Ей хотелось поймать Леночку на невежестве. Она любила узнавать новые слова и тогда начинала повторять их на публике неустанно.

С тобой, Леночка, у меня каждый раз какое-то жамевю. Что глазами хлопаешь? Жамевю, говорю. То же самое, что дежавю, только наоборот. Вроде как давно знакомы, а дурость твоя удивляет, как в первый.

«Гилозаизм», говорила она. «Антропный принцип». «Вильгельм Райх». «Теория праздного класса». «Глобальная деревня». «Апатеизм». «Стохастический». Не всегда понимая, что все это значит, она пробовала каждую фразочку, каждое словечко на язык, словно деликатес. Ильюшенко был ее собственным поставщиком умственных безделушек. Они часто спорили о маневрах и манипуляциях для поимки чужой любви. Леночка услыхала такой разговор краешком слуха.

Ты, Мариша, тоже ловец человеков, – говорил Ильюшенко, по обыкновению чавкая печенюшкой, – ты владеешь уловкой Бенджамина Франклина.

Это как? – спрашивала Семенова.

Это так, что ты не приказываешь, а просишь. Тот, кого ты просишь об услуге, охотно окажет ее опять и опять.

А еще, чем еще я владею? – радовалась Семенова.

Еще?
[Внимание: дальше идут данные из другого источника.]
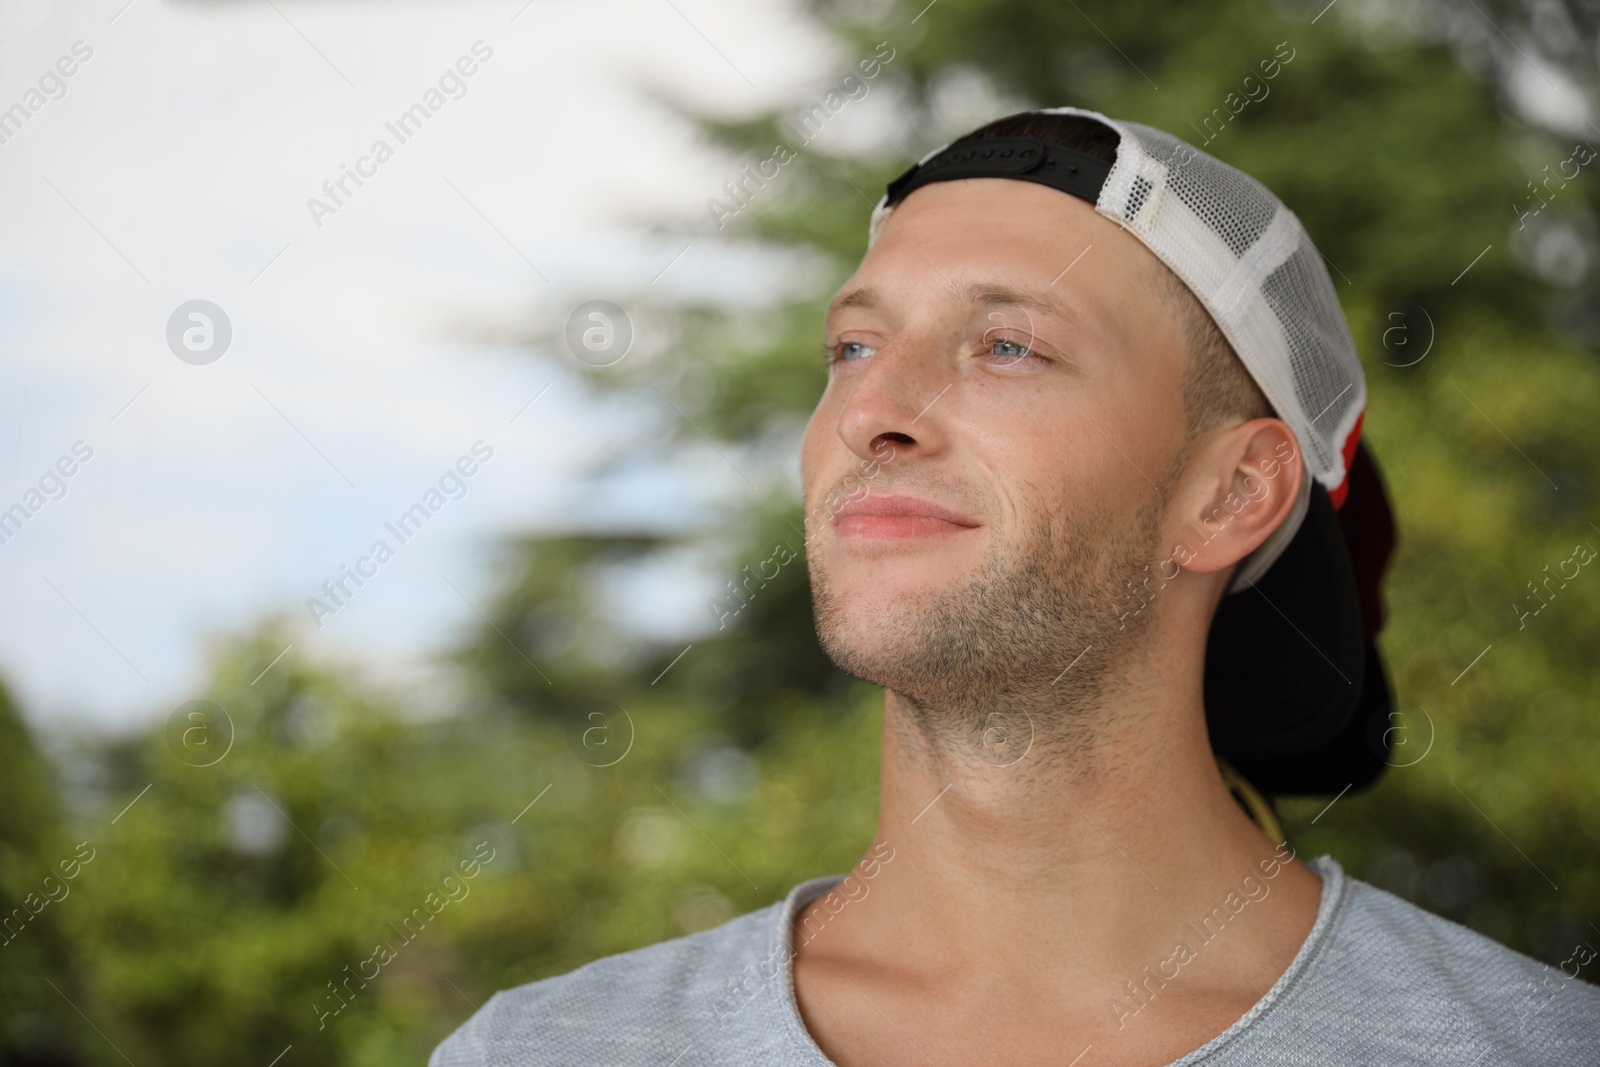 Photo of Handsome young man in stylish cap near reflection surface outdoors, space for text

Фасцинацией.

А это чего?

Фасцинация? Ты завораживаешь. И жертва уже не слышит других сигналов – морали, к примеру, или разума. Жертва у тебя в сетях. И ей хорошо.
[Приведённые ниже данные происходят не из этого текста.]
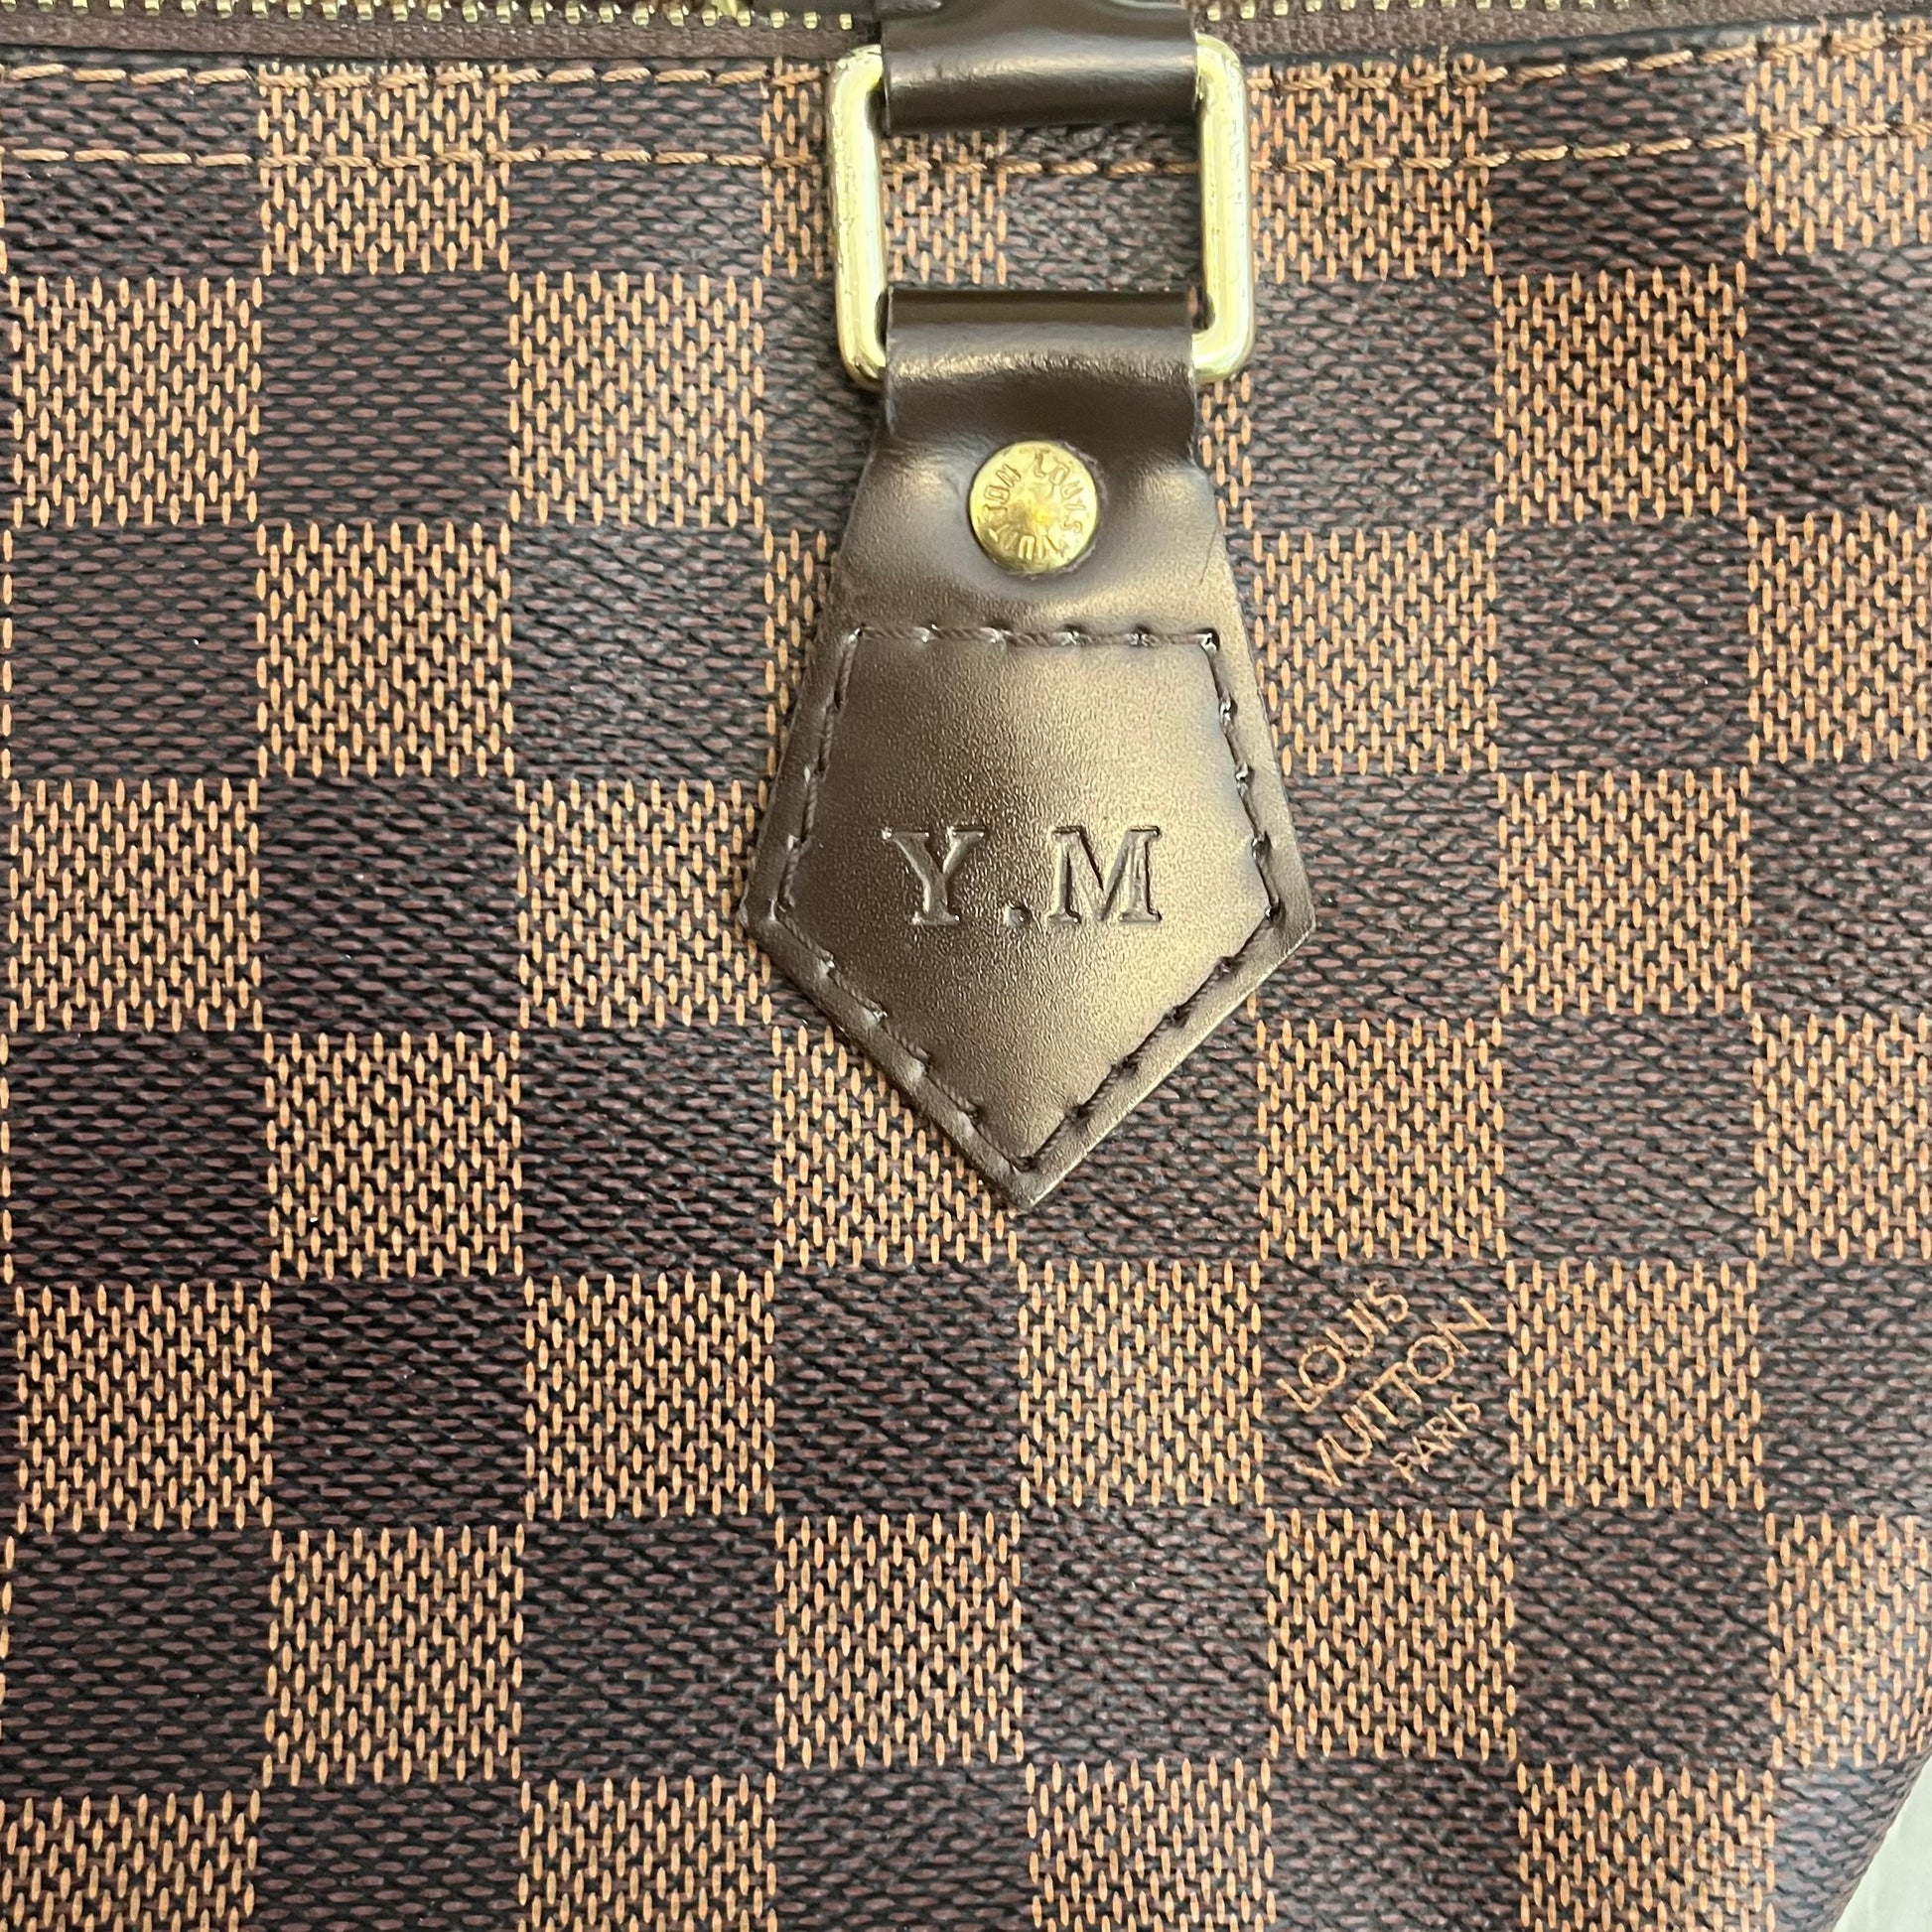 Hot stamped initials on my LV damier Bandouliere. Love!

Иногда Марина Семенова являлась к Лямзину в министерство. Тот немножко нервничал. Предпочитал нейтральную территорию.

У Андрея Иваныча посетители, – объявляла Леночка.

Семенова кидала на диванчик свою роскошную сумку из кожи страуса и принималась хлопотать с расческой у зеркала. Под каштановые прядки для прикорневого объема прыскался какой-то замысловатый мусс. Приемная наполнялась запахом мускуса.

Что там за шобла у него засела? – властно интересовалась она. И Леночка, подавляя раздражение, лопотала:

По вопросам землеустройства.

Иногда Семенова бывала милостива. Раз она подарила Леночке женскую косметичку. Косметичка не прижилась, Леночка вышвырнула ее в помойку. Как и семеновские нравоучения. Впрочем, один совет засел у Леночки в голове, словно мантра, которую заставляли зубрить на тренингах личностного развития:

Если мужик артачится, тогда и койки врозь. Сразу же станет шелковым.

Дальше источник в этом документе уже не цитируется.